What the hell form of ‘winning’ is this?
Anyway, now in Chapter 8 we have the mystery of why Prince Andrew/Andre doesn’t like his wife any more. Or do we? I mean it’s hard to know if what he said is just meant to be enough for a patriarchal 19th century novel, that a man just wishes he were a bachelor. This is PG Wodehouse territory again, with Wooster always desperate not to get tied down by a wife.
But obviously I feel like there’s some kind of dark secret here.

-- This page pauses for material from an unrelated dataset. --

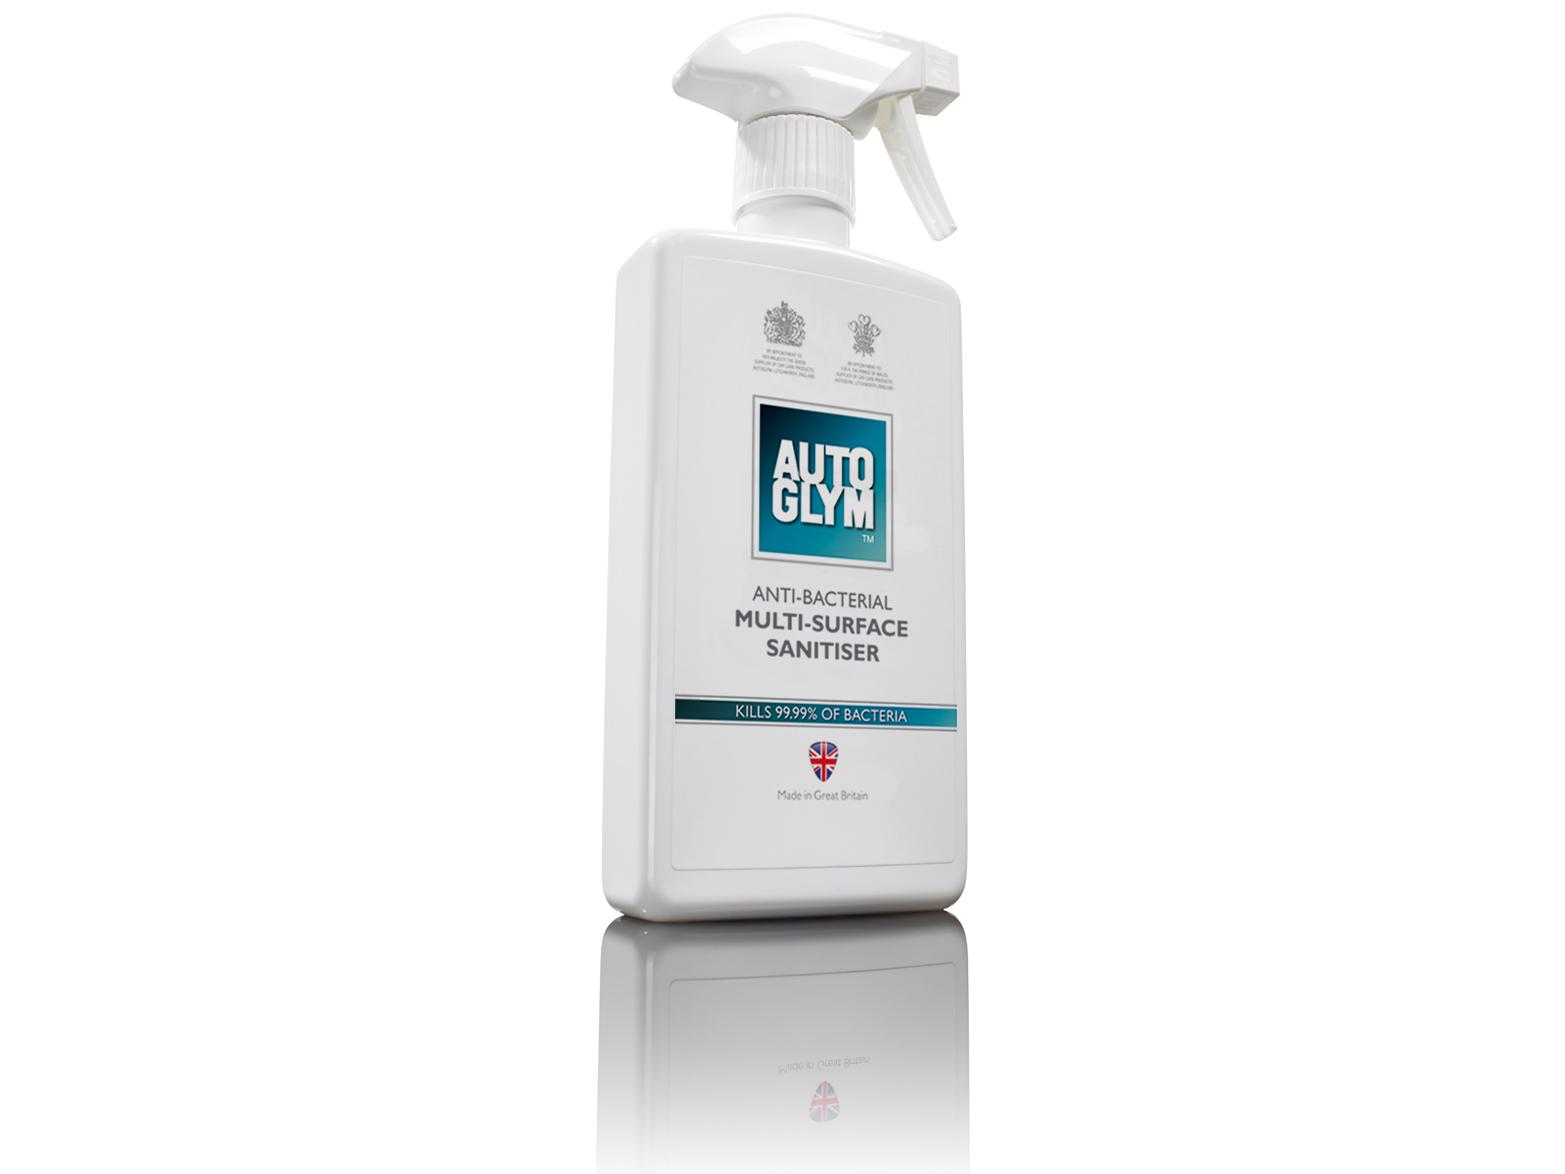 Autoglym Multi-Surface Sanitiser (500ml)

Seems like he’s become convinced the child isn’t his to me, but that he refuses to actually say anything explicit because of ‘reasons’.
Chapter 9 is sort of the classic old book chapter that doesn’t really interest me, full of dialogue that I can’t easily imagine being spoken (all those "Eh?"s) and a sort of weird machismo/honour situation going on where I am unclear if I should take at face value and assume the start of the 19th C was a different time, or if I should read it as an intentionally absurd satire on what the rich of the time were like.
Either way I am sad no one fell to their death but it was at least a bit tense for a while. Not because I hate the characters just because it would have laid out some big stuff early on for the story to work with.